EXERCISE DIRECTIONS.
Return the listing below exactly, with the pictures dropped.

DATASET EXTRACT.
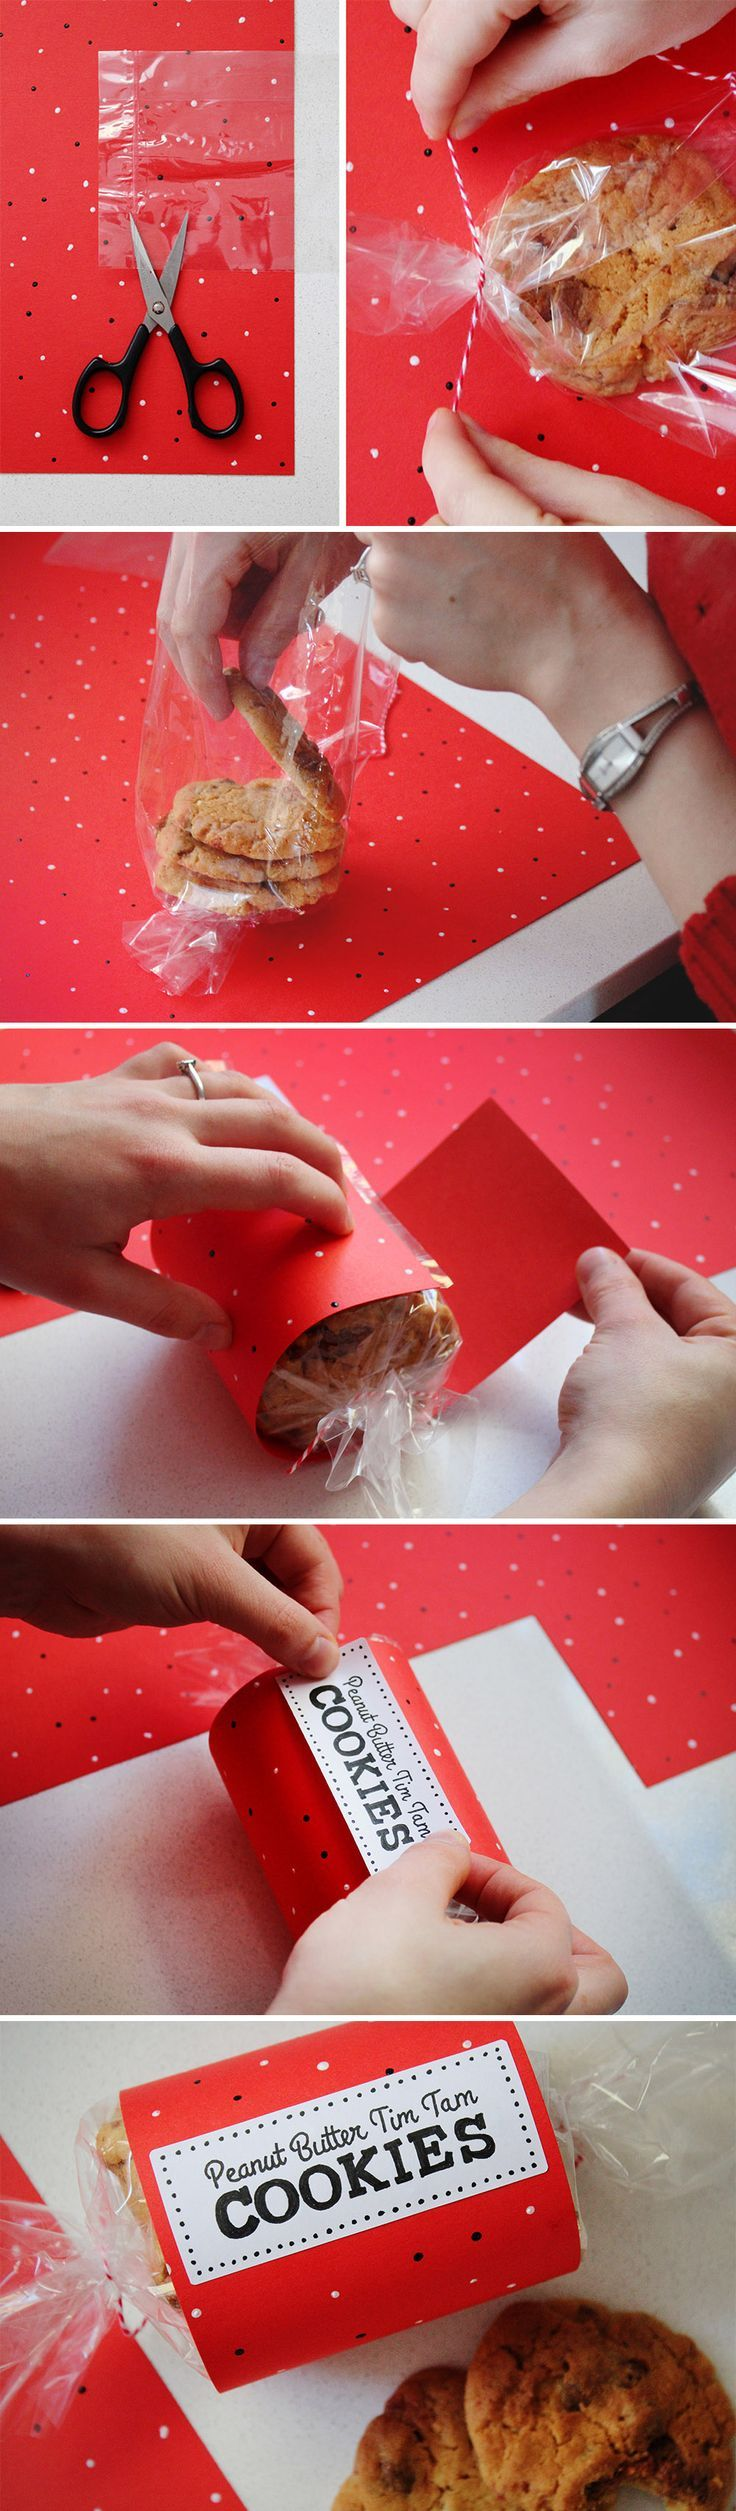 DIY Cookie Favor Packaging tutorial with free label
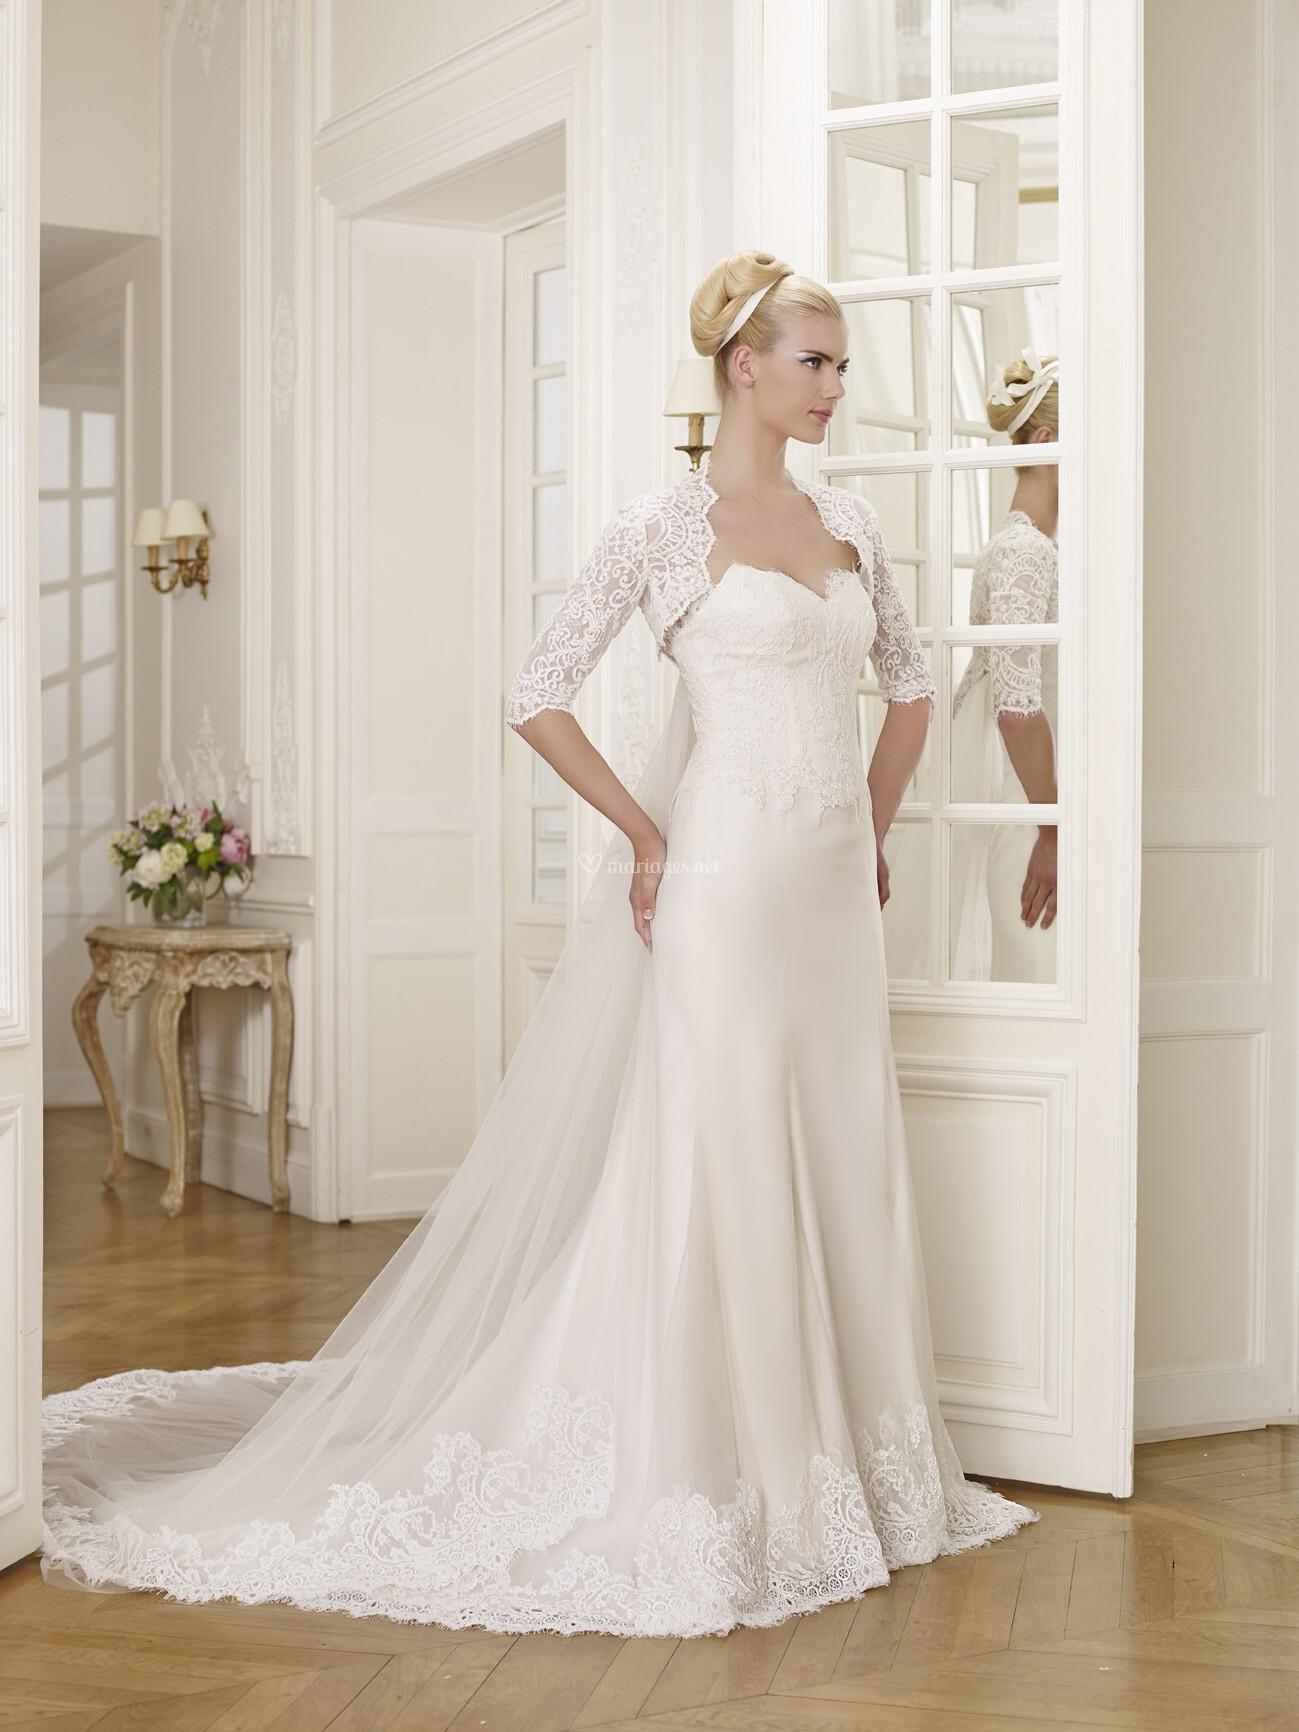 CHAMFORT - Robes de mariée - Pronuptia - Mariages.net
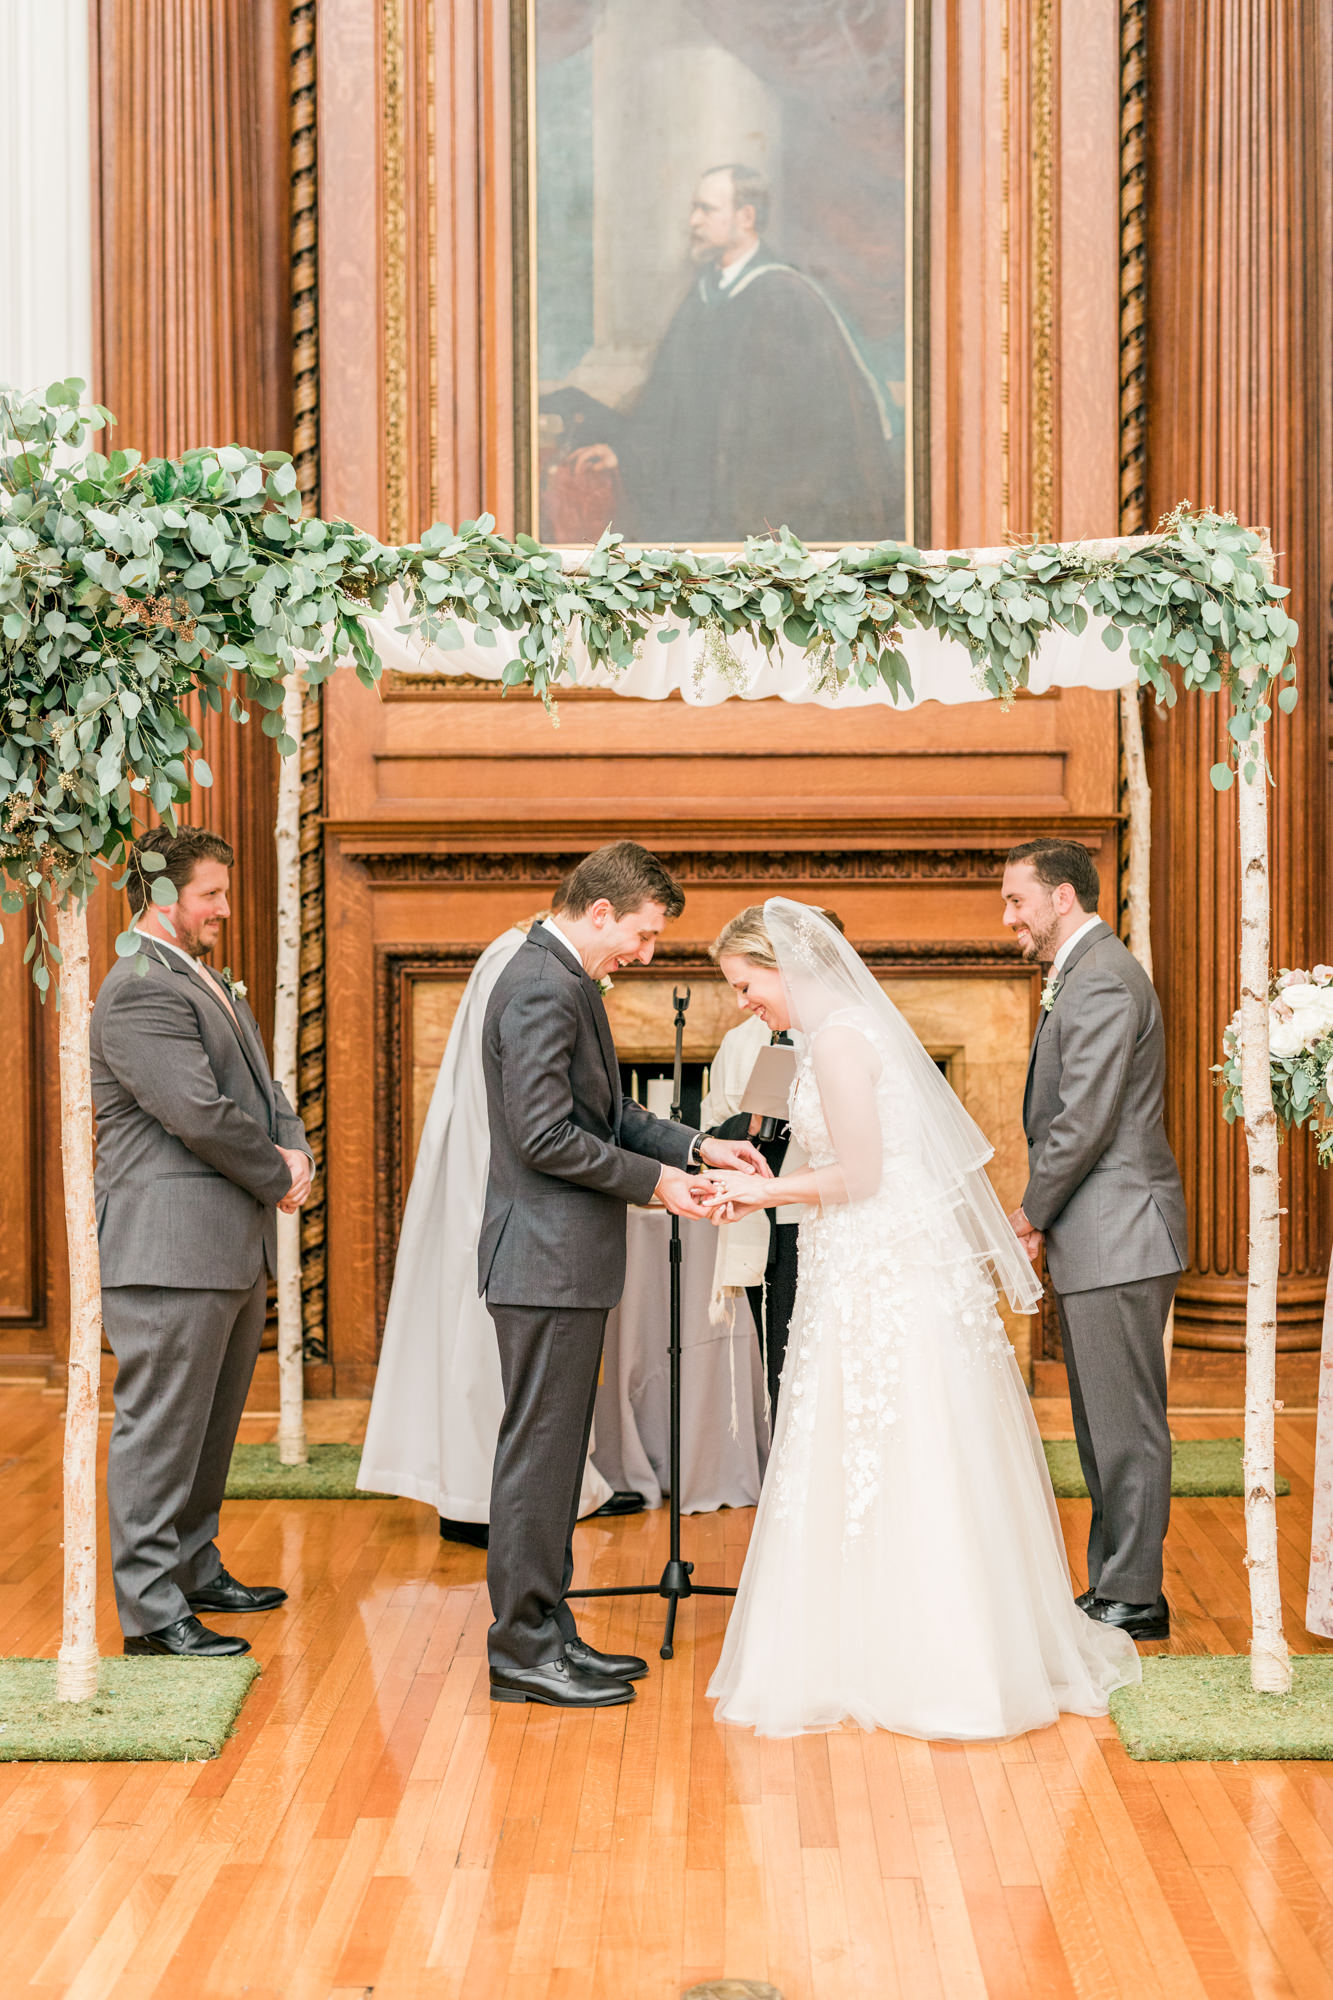 haley-richter-photography-autumn-college-of-physicians-wedding-philadelphia--267.jpg

RESPONSE BOX.
 DIY Cookie Favor Packaging tutorial with free label
 CHAMFORT - Robes de mariée - Pronuptia - Mariages.net
 haley-richter-photography-autumn-college-of-physicians-wedding-philadelphia--267.jpg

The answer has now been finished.